Workato, a business automation platform company, is taking a similar approach. Workato's AI agents connect to internal corporate systems, such as CRM, ERP, and marketing tools, and execute user-defined workflows. When a customer inquiry is received, Workato collects and organizes relevant data, processes any necessary follow-up actions by linking to each system, and then relays the results to the appropriate agent. Throughout this process, the AI agent's access rights and scope are managed within the company's security policies and authorization system.
AI Under what conditions does an agent become a business tool?
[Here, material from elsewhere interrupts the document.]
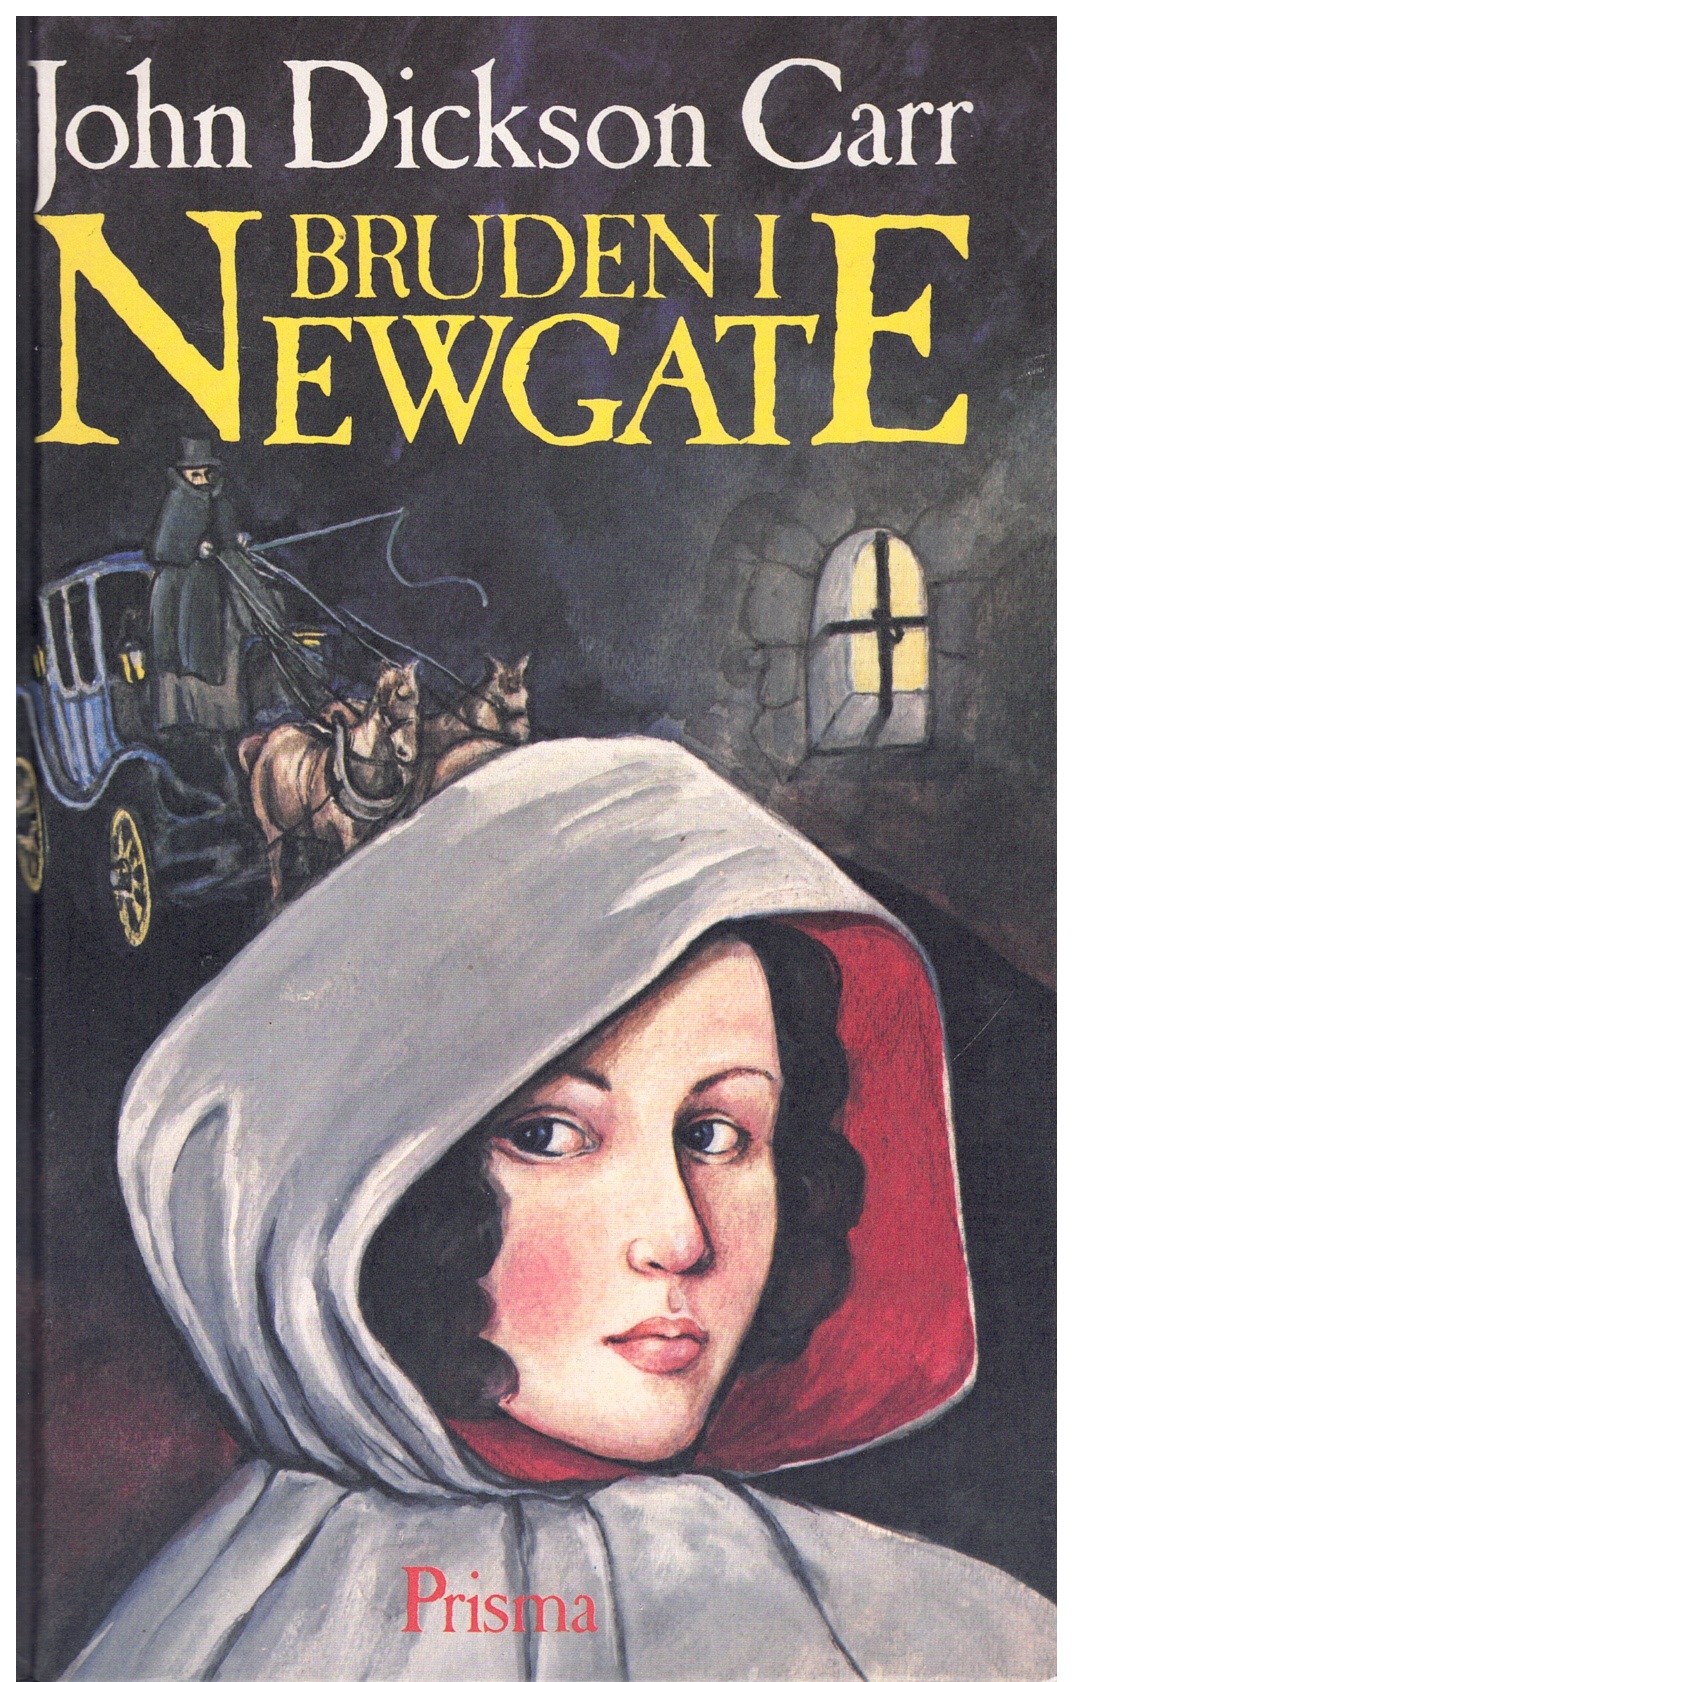 Bruden i Newgate - Carr, John Dickson

The practical use of AI agents as business tools in Silicon Valley stems from the fact that, along with technological advancements, corporate IT environments have already become significantly more organized. Many companies operate core operations, such as finance and customer management, on digital systems like ERP and CRM, with relatively clearly defined work procedures, authorities, and data flows. In such environments, AI agents are more likely to be used as tools for performing repetitive and predictable tasks within human-defined boundaries, rather than emerging as new decision-makers. Ultimately, the observed use of AI agents in Silicon Valley can be seen as a result of judgments about how much work can be delegated within an organized IT environment and controllable operational structure, rather than the autonomy of the technology itself.
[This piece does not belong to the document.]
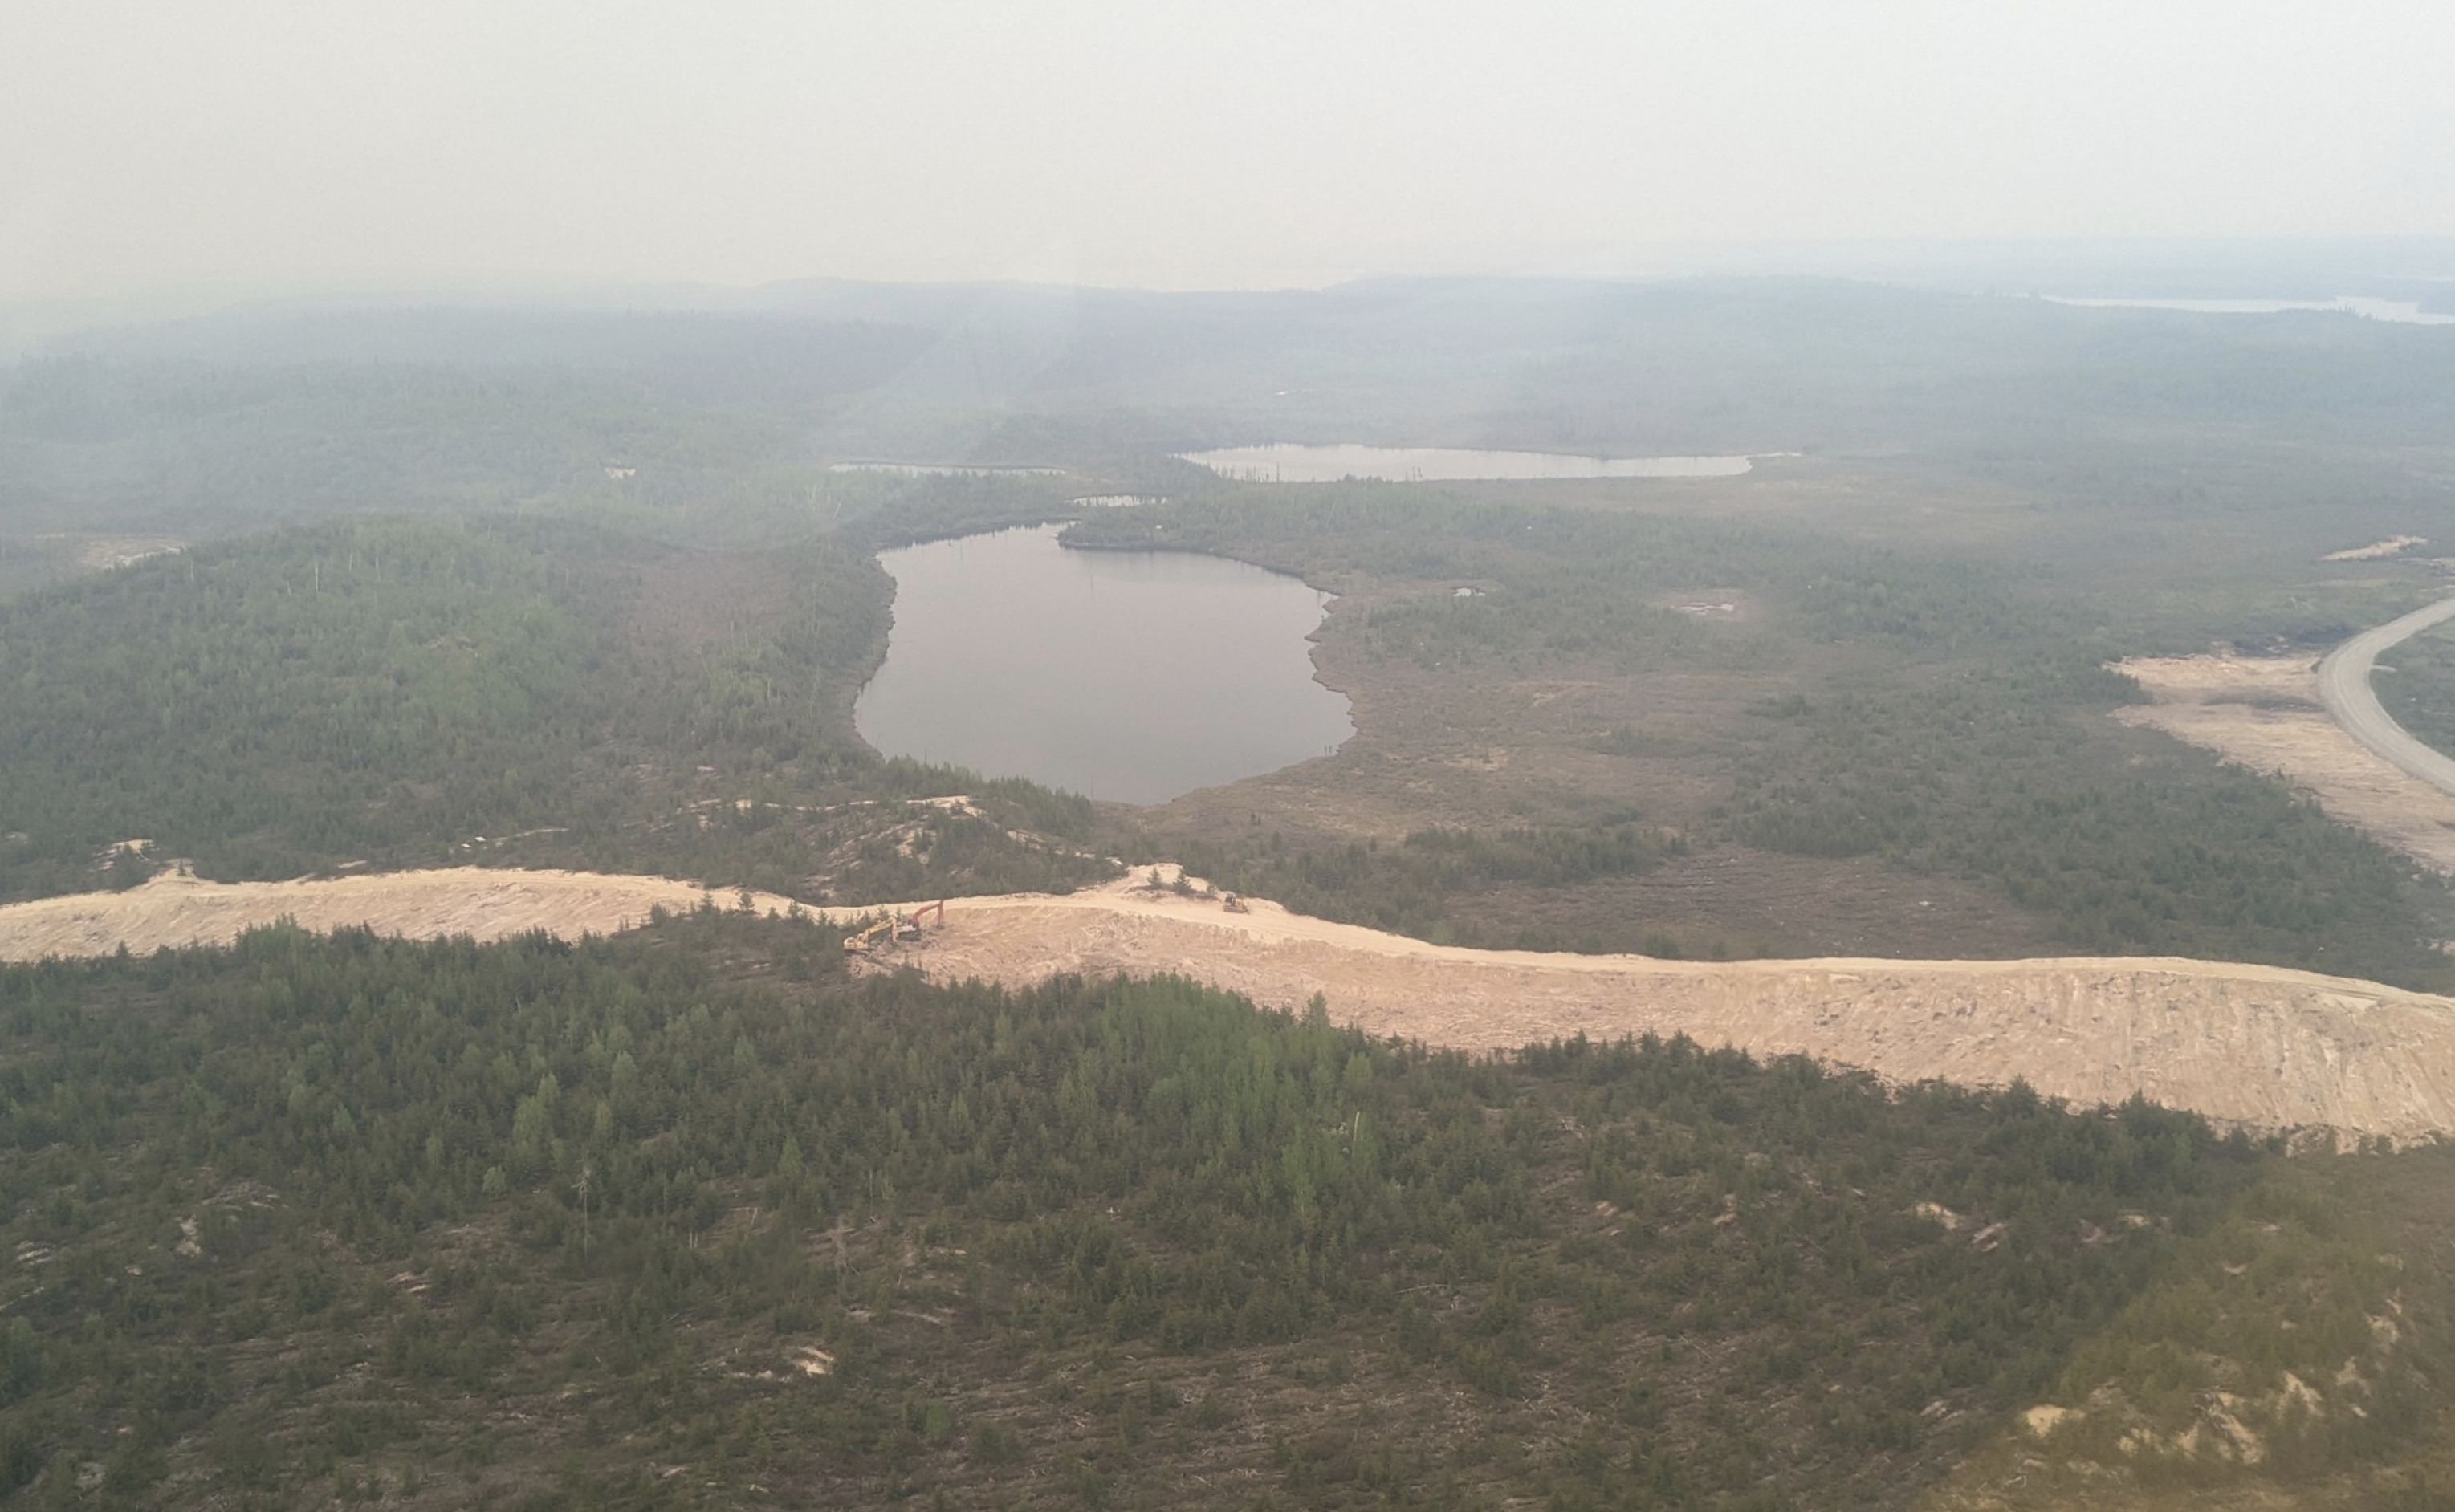 Feu de forêt
Chibougamau 
Barriere arret feu

What Korean companies need to focus on now
The key takeaway from this discussion is clear. AI agents are no longer a distant future technology. Rather, they are entering a phase where some companies, particularly those focused on AI, are exploring their potential for productivity improvement, depending on how tasks are designed. Rather than adopting AI agents as a means of full-scale automation, Silicon Valley companies are leveraging them to offload repetitive and time-consuming tasks previously performed by humans. The key here is not the autonomy of the technology itself, but rather the degree to which it can generate tangible efficiency when task objectives, authority, and responsibilities are clearly defined. This trend suggests that Korean companies, too, need to view AI agents not from the perspective of "whether or not to adopt them," but rather from the perspective of "how to utilize them."